The secure mobile company Silent Circle, which last week raised $50M and bought out the joint venture behind its Blackphone handset, has unveiled a new version of that device — though prospective customers have a bit of a wait on their hands.

The Blackphone 2 will appear in the second half of this year, providing much better specs than the initial handset that was made by Geeksphone, the joint venture partner that is now out of the picture. It will have an 8-core processor and 3GB of RAM (the quad-core original had 1GB) and will also be substantially larger, with a 5.5-inch screen (up from 4.7 inches).

Apart from making the privacy-first phone more desirable as a handset, Silent Circle has also previewed the Blackphone+ tablet, which will come later this year. Both devices will of course use version 1.1 of the PrivatOS Android fork, which features an OS-level virtualization feature for keeping sensitive material away from less-private apps, as well as a privacy-focused app store.

[youtube https://www.youtube.com/watch?v=E1dyWsWJOms&w=560&h=315]

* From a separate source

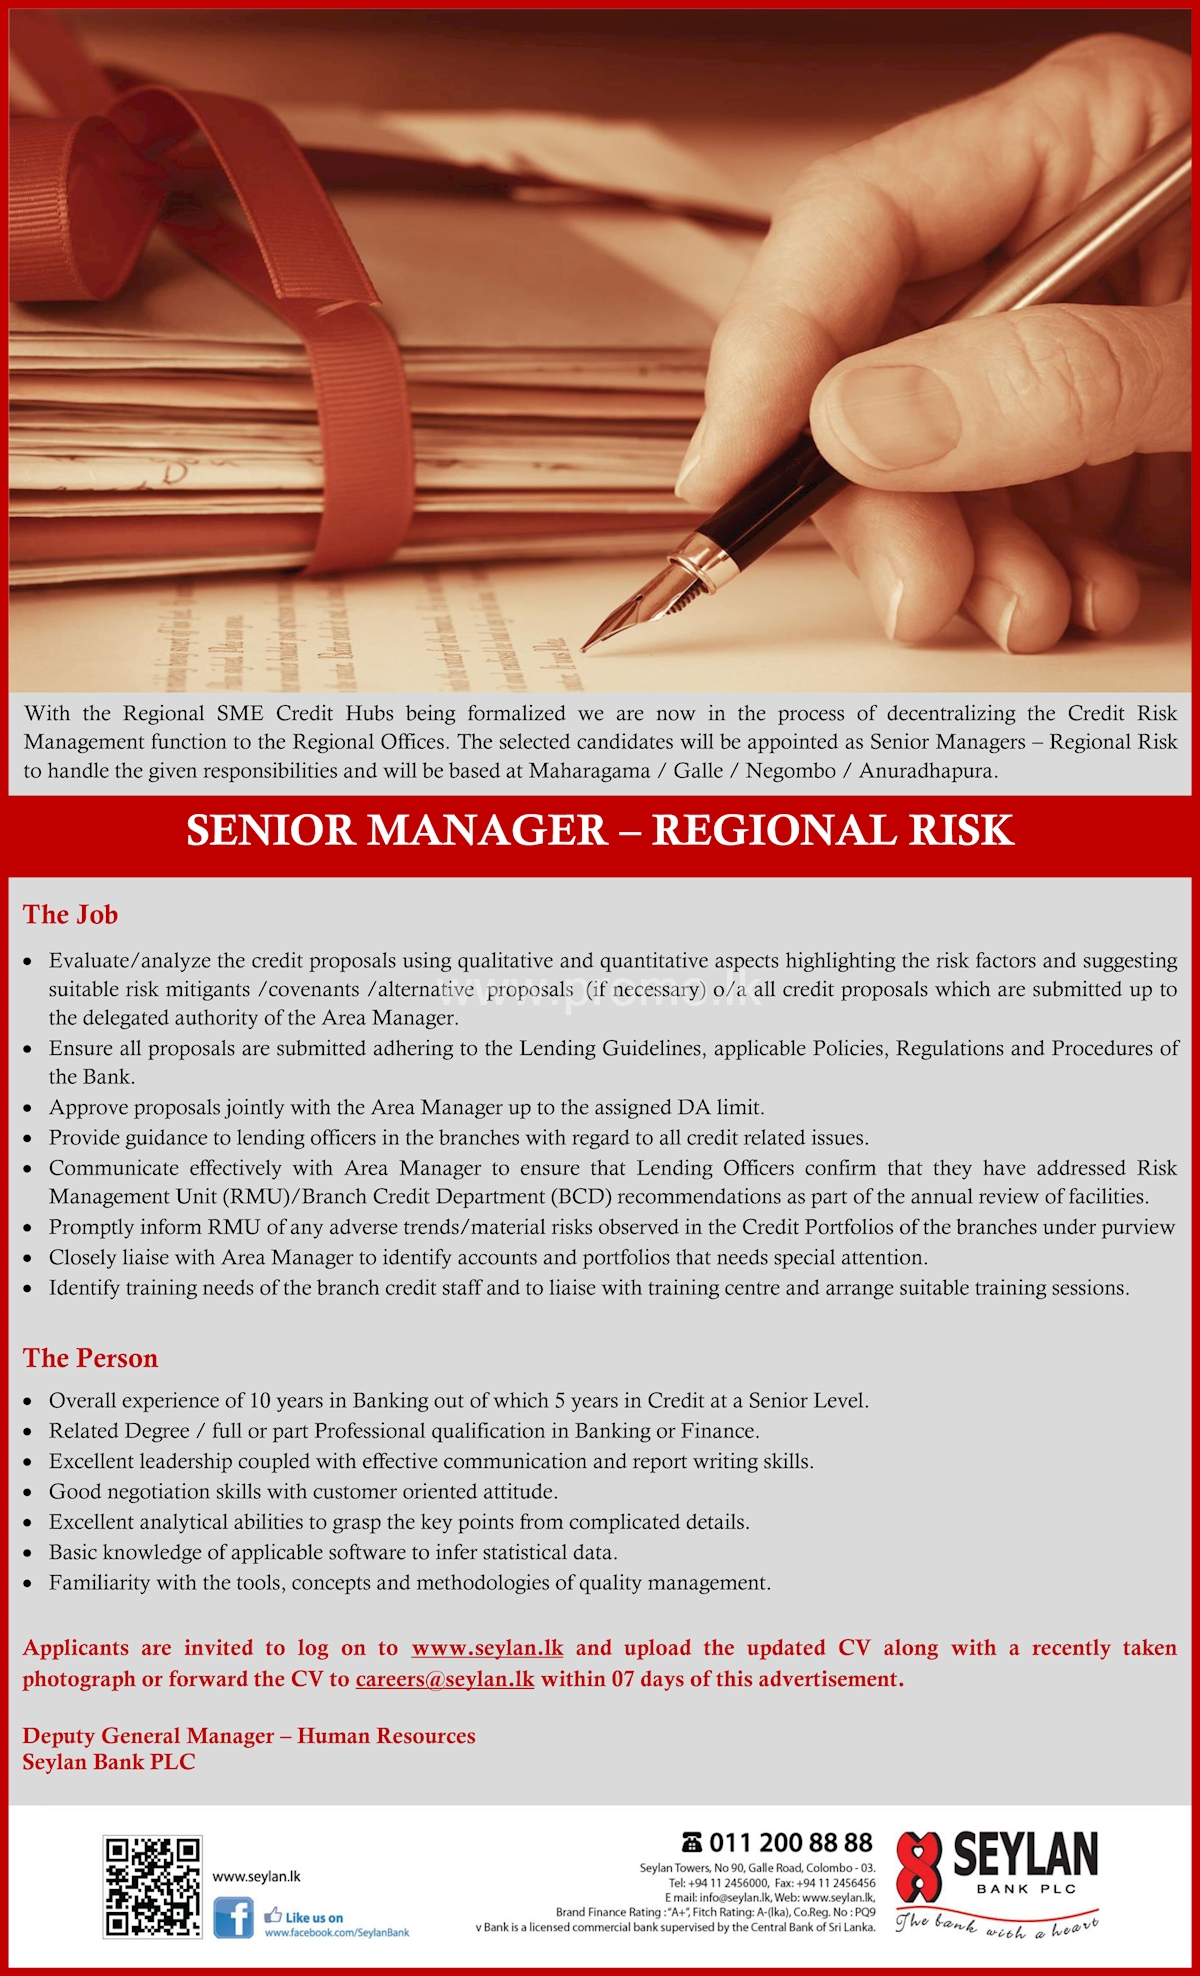 Senior Manager - Regional Risk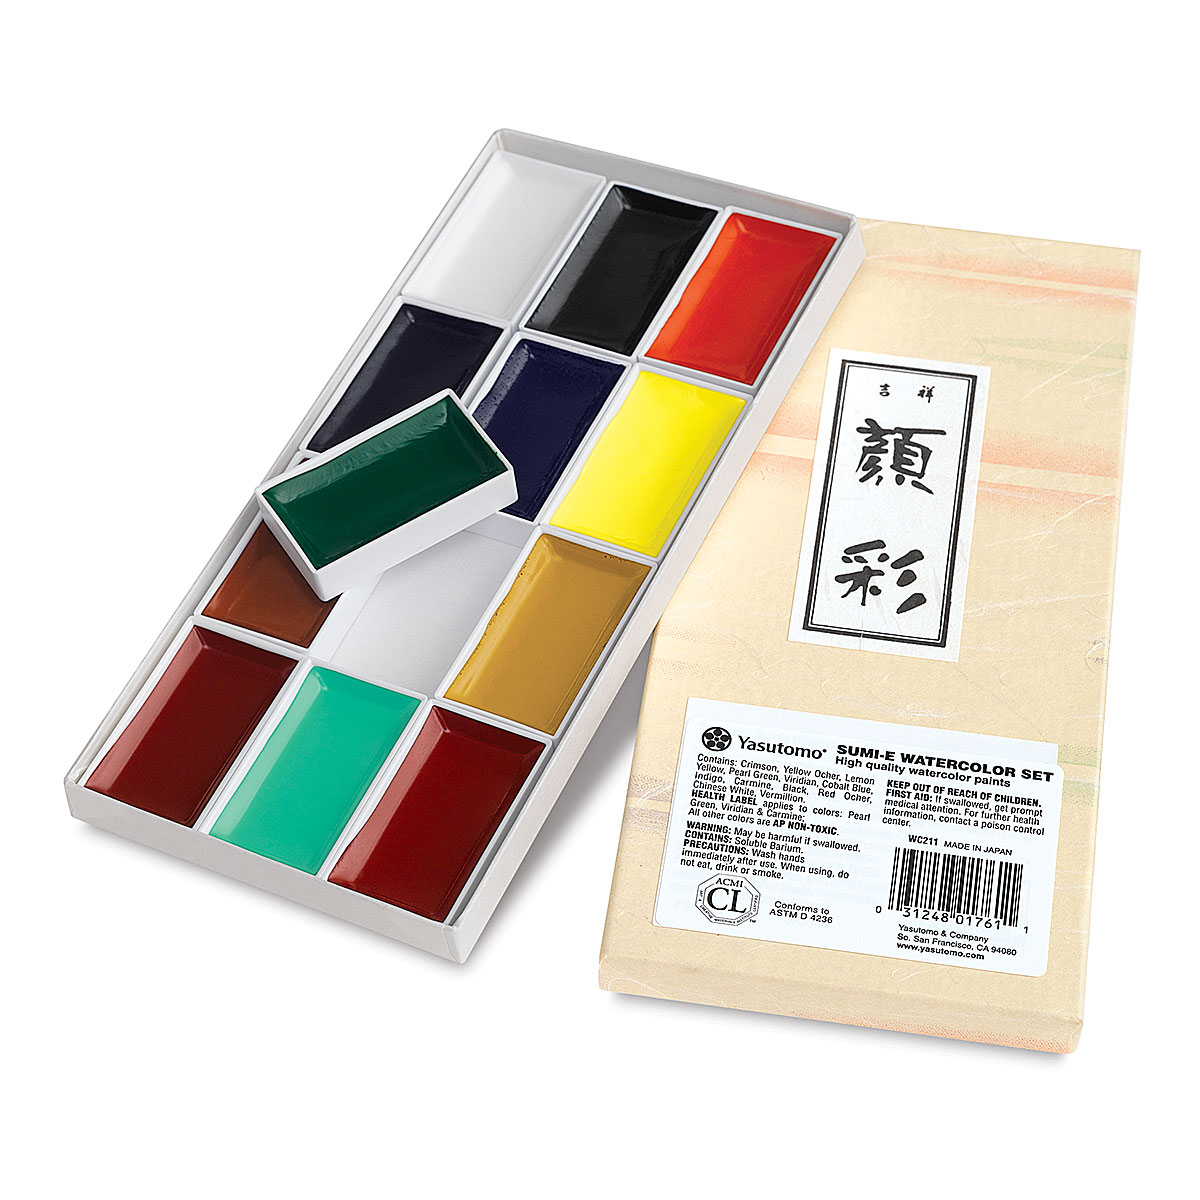 Yasutomo Sumie Watercolor Pan Sets

While its security track record is not entirely unblemished, U.S.-based Silent Circle is a very credible player, coming from people such as PGP encryption pioneer Phil Zimmermann. It offers its privacy-focused communications apps separately from the Blackphone as well as bundled with it, and it’s part of the Dark Mail Alliance that’s trying to build the successor to email.

However, it may face a challenge from a newly announced partnership between Finnish handset-maker Jolla and security outfit SSH Communications Security, which are working on a secure version of Jolla’s Android-compatible Sailfish OS, with great emphasis on the fact that theirs is a homegrown European alternative to Android-based mobile operating systems (surely a dig at Silent Circle, among others).